Durante unos instantes los tres se miraron entre sí.

– ¿Qué hacemos? -preguntó Candace-. No podemos permitir que nos sigan.

– En primer lugar no debemos usar mi coche -dijo Kevin-.

¿Dónde está el tuyo, Melanie? Ahora que el tiempo está seco, podemos arreglarnos sin la tracción en las cuatro ruedas.

– Abajo, en el aparcamiento. He venido en él desde el Centro de Animales.

– ¿Te ha seguido alguien?

– ¿Cómo quieres que lo sepa? No me he fijado.

– Mmmm -musitó Kevin-. Todavía creo que si están vigilando a alguien ha de ser a mí, así que tú, Melanie, baja, métete en el coche y dirígete a tu casa.

– ¿Y qué haréis vosotros?

– Hay un túnel en el sótano que llega hasta la central eléctrica. Espera unos cinco minutos en tu casa y recógenos en la central. Allí hay una puerta lateral que da directamente al aparcamiento. ¿Sabes dónde te digo?

– Creo que sí -respondió Melanie.

– De acuerdo -dijo Kevin-. Te veremos allí.

Se separaron en la planta baja, donde Melanie salió al calor del mediodía mientras Candace y Kevin bajaban al sótano.

Después de caminar durante unos quince minutos, Candace comentó que el túnel era un laberinto de pasillos.

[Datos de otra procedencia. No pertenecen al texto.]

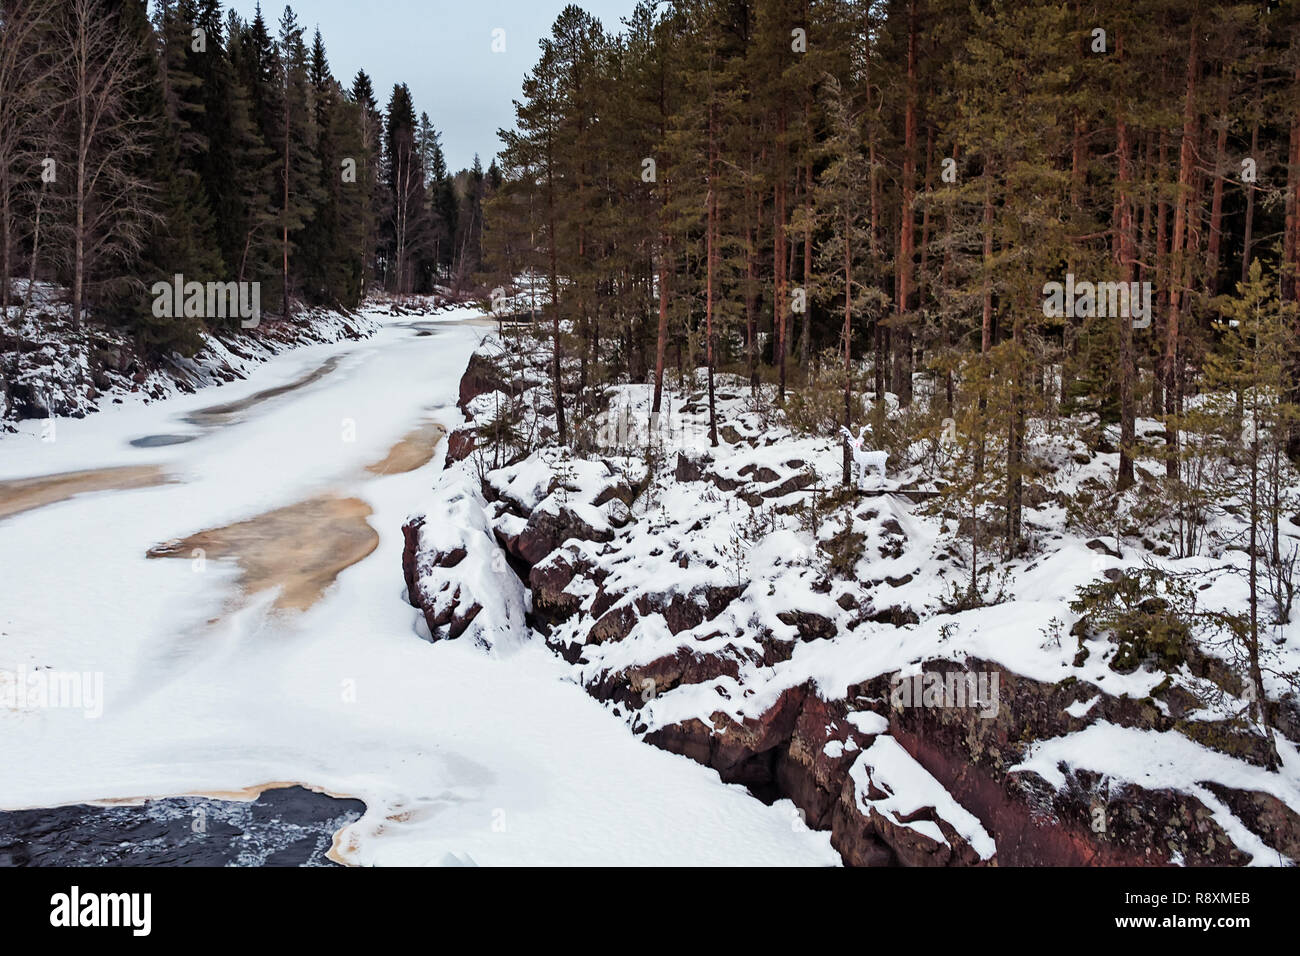 Une glaciale rivière traverse la forêt au nord de la Finlande. Quelqu'un a mis en place un renne en plastique avec un nez rouge par la rivière. Banque D'Images

– Toda la electricidad viene de una misma fuente -explicó Kevin-. El túnel conecta todos los edificios principales, excepto el Centro de Animales, que tiene su propio generador eléctrico.

– Es fácil perderse aquí -dijo Candace.

– A mí me ha pasado -admitió Kevin-, y varias veces. Pero en mitad de la temporada de lluvias, estos túneles resultan útiles. Son secos y frescos.

Cuando se aproximaban a la central eléctrica oyeron y sintieron las vibraciones de las turbinas. Un tramo de peldaños metálicos los llevó hasta la puerta lateral. En cuanto aparecieron, Melanie, que había aparcado bajo un árbol de malapa, acercó el coche y los recogió. Kevin subió en el asiento trasero para que Candace fuera en el delantero. Con la sofocante temperatura y el cien por cien de humedad, el aire acondicionado hacía que el interior del coche pareciera un paraíso.